=== Provided data ===
*** Block opens ***

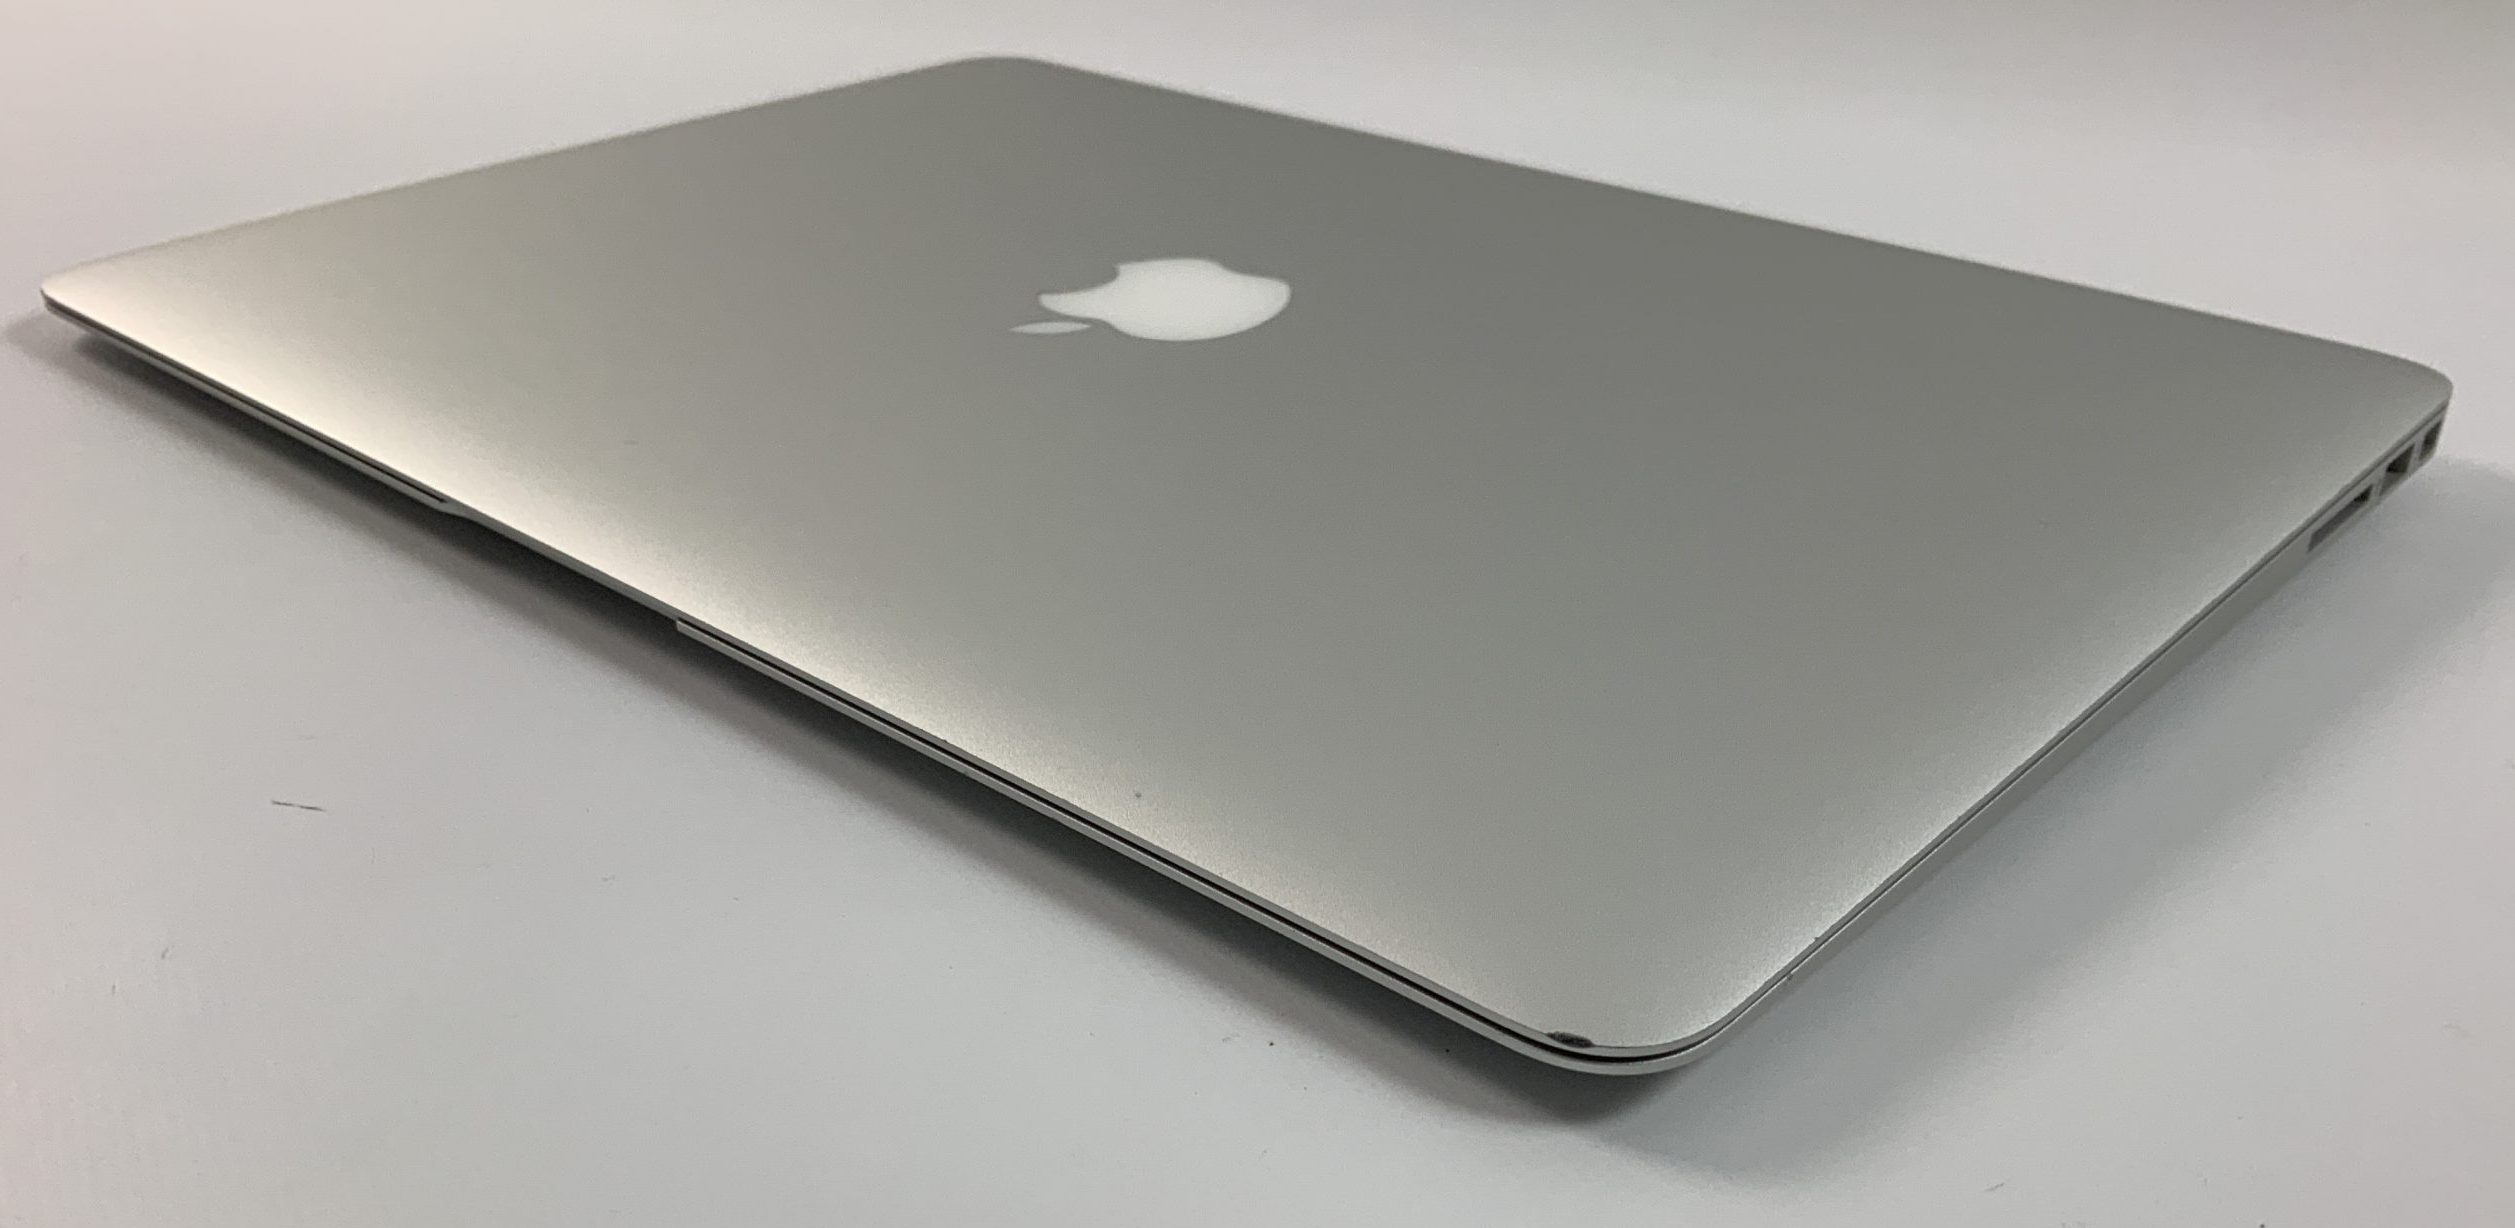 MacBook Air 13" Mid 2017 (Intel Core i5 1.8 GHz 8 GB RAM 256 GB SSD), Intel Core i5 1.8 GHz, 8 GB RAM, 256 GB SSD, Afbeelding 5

*** Block closes ***
*** Block opens ***

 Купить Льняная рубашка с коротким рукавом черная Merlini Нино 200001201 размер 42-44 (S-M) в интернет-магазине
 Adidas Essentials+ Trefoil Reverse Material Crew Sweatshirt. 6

*** Block closes ***
*** Block opens ***

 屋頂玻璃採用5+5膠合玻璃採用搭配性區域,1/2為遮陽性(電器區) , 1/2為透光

*** Block closes ***

=== Required action ===
Set down precisely the lines above between the line holding "Купить Льняная рубашка" and the line holding "Adidas Essentials+ Trefoil", inclusive, and nothing beyond them.

=== Problem solution ===
 Купить Льняная рубашка с коротким рукавом черная Merlini Нино 200001201 размер 42-44 (S-M) в интернет-магазине
 Adidas Essentials+ Trefoil Reverse Material Crew Sweatshirt. 6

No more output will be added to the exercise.